* INPUT DATA
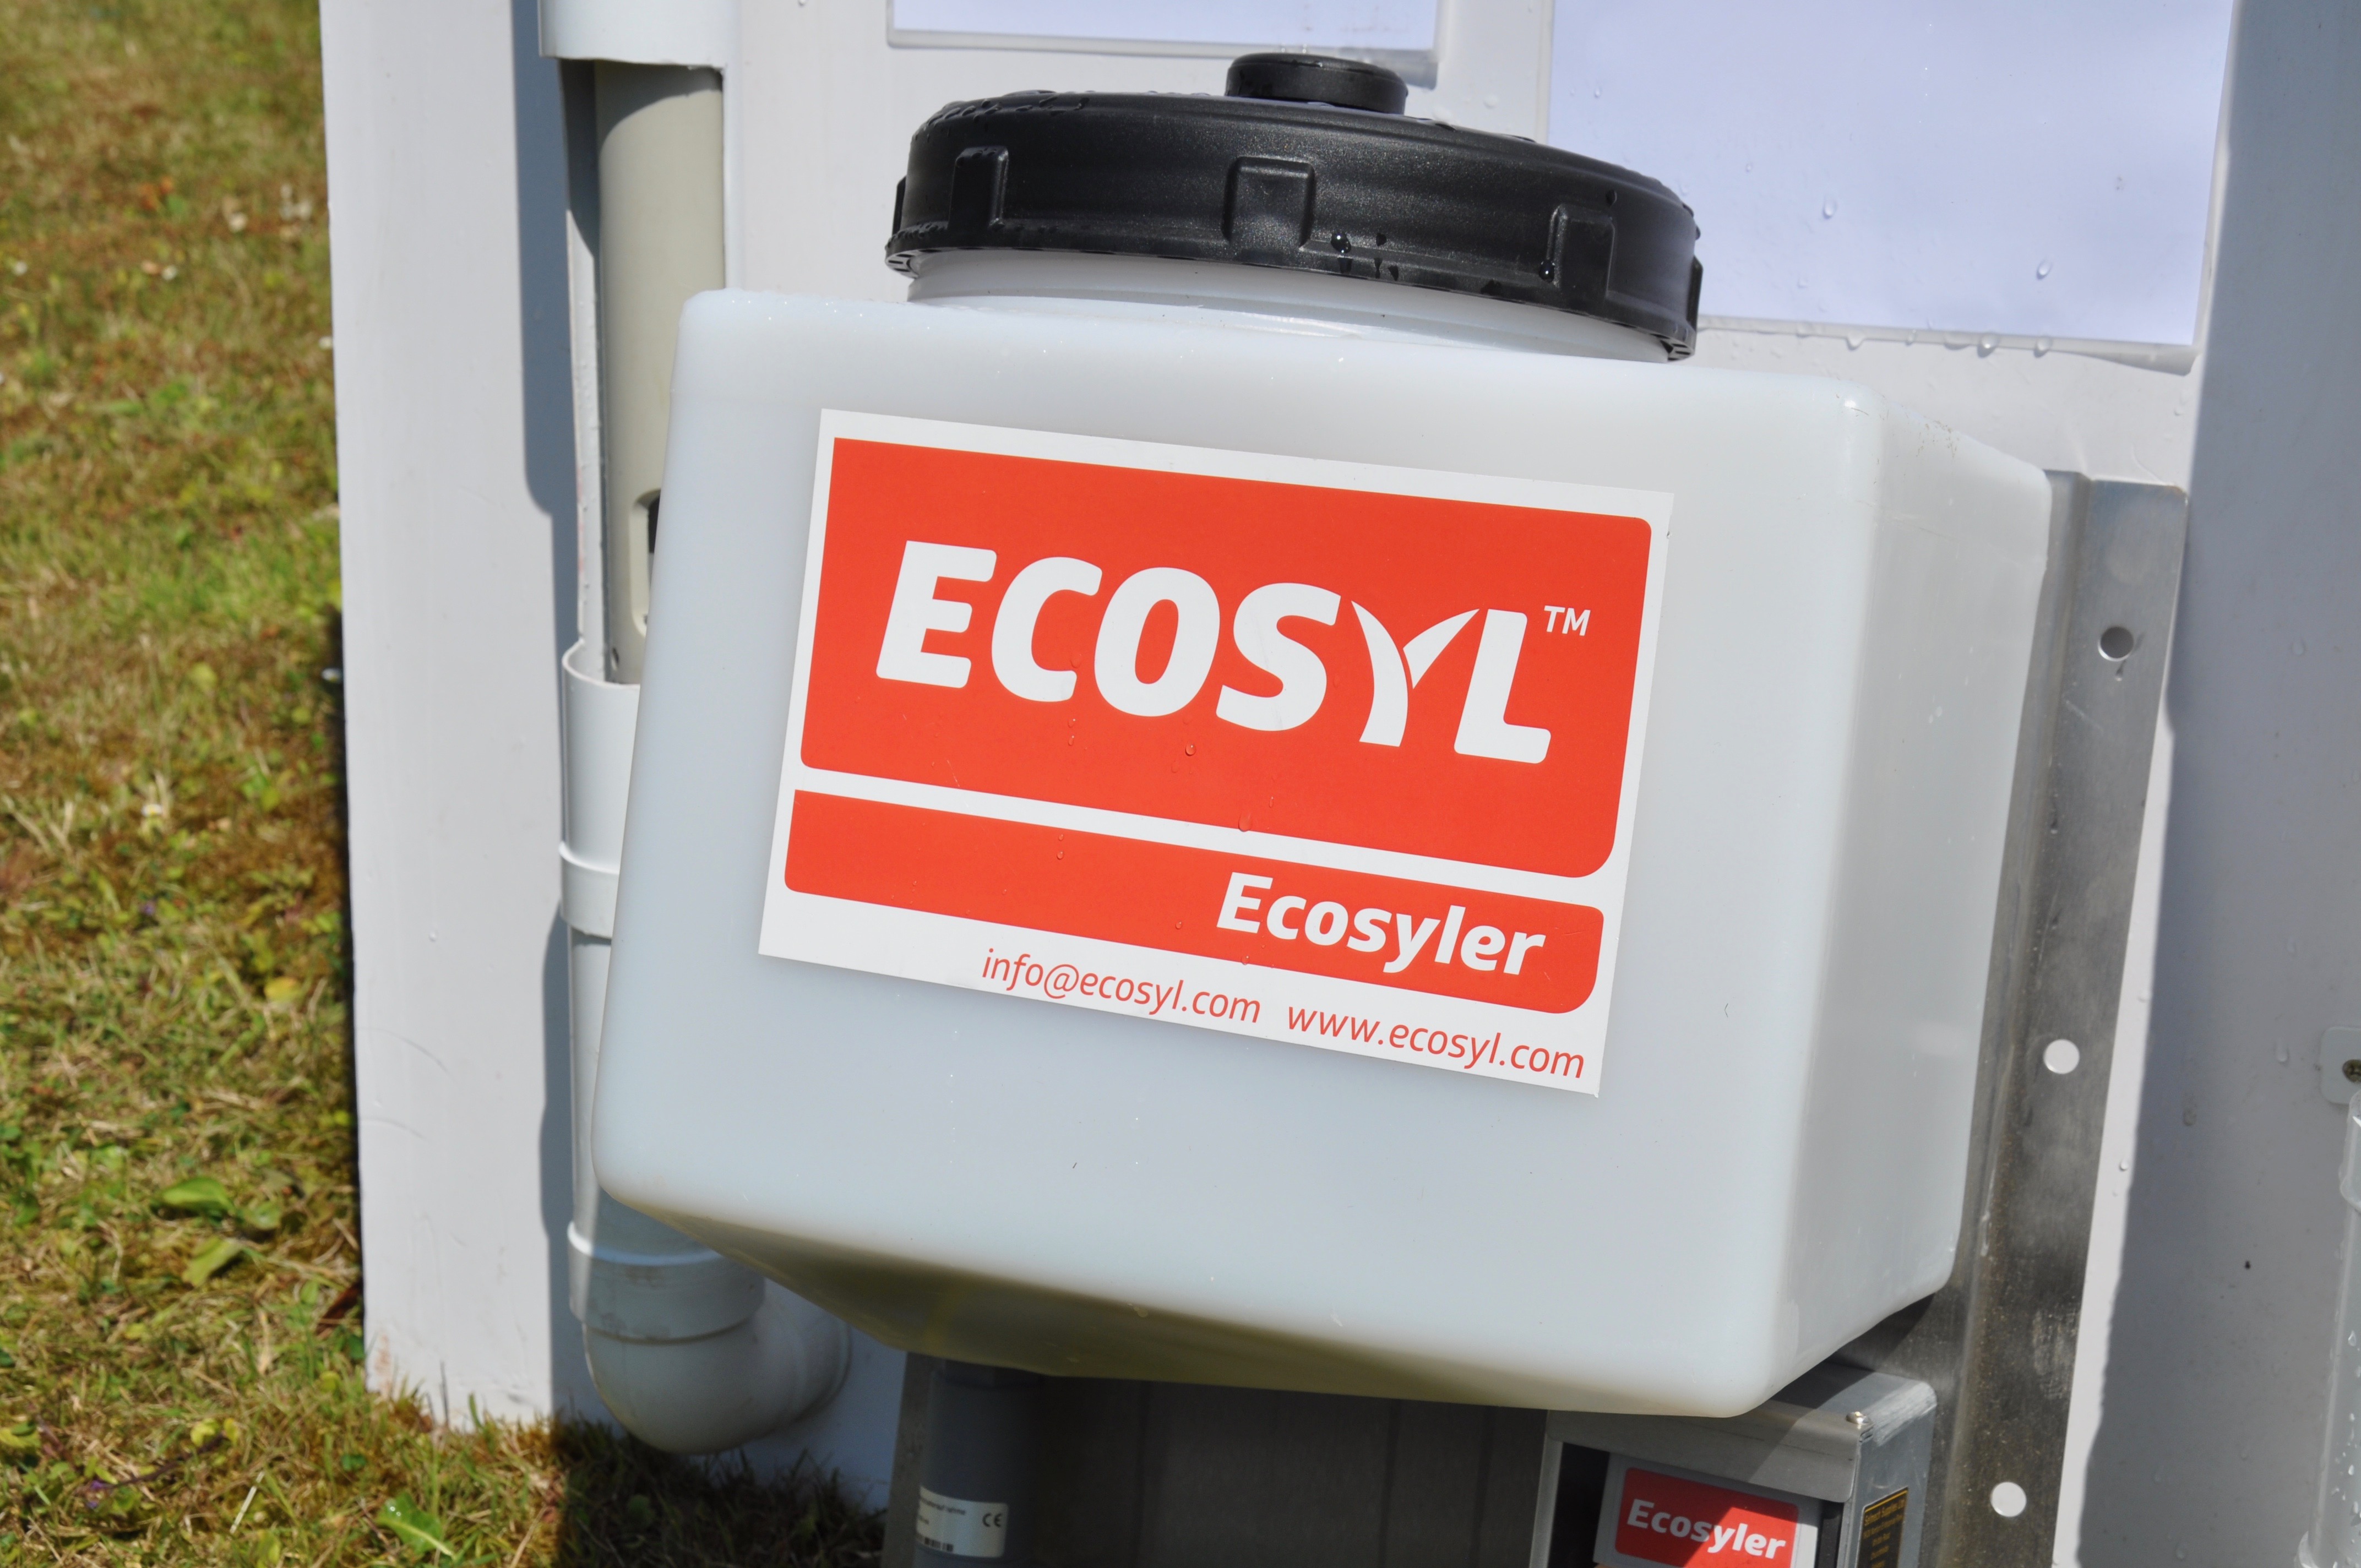 Ecosyler applicator
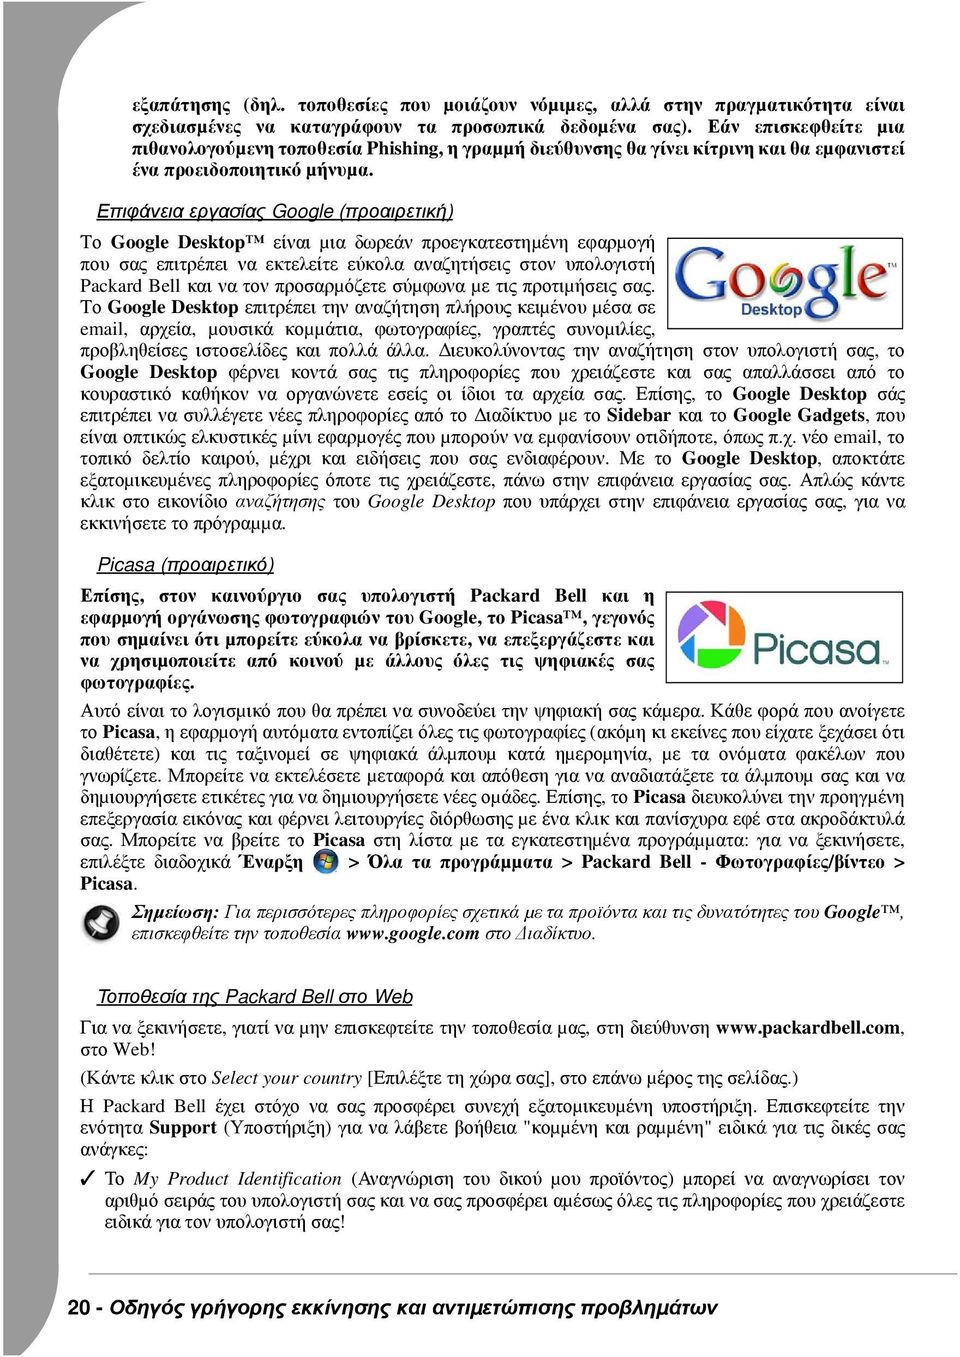 Επιφάνεια εργασίας Google (προαιρετική) Το Google Desktop είναι µια δωρεάν προεγκατεστηµένη εφαρµογή που σας επιτρέπει να εκτελείτε εύκολα αναζητήσεις στον υπολογιστή Packard Bell και να τον
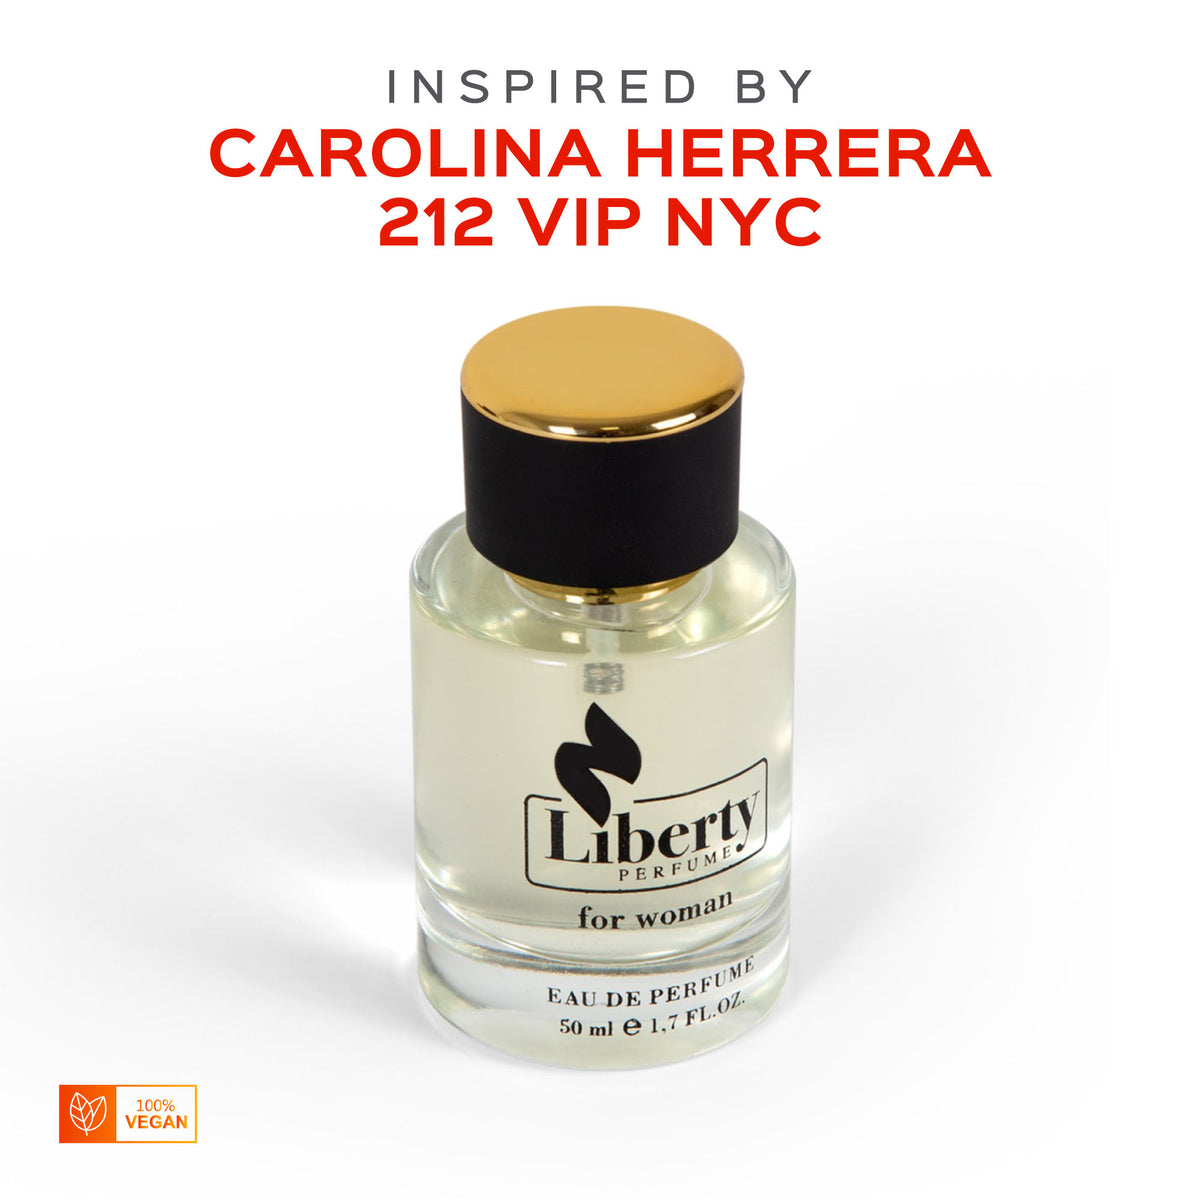 Perfume Herrera $39.99 Vip for Carolina by 212 - Women Inspired W18 – Liberty

* TRY IT
The response must match the listing exactly, except that pictures are removed.

* EXERCISE SOLUTION
 Ecosyler applicator
 Επιφάνεια εργασίας Google (προαιρετική) Το Google Desktop είναι µια δωρεάν προεγκατεστηµένη εφαρµογή που σας επιτρέπει να εκτελείτε εύκολα αναζητήσεις στον υπολογιστή Packard Bell και να τον
 Perfume Herrera $39.99 Vip for Carolina by 212 - Women Inspired W18 – Liberty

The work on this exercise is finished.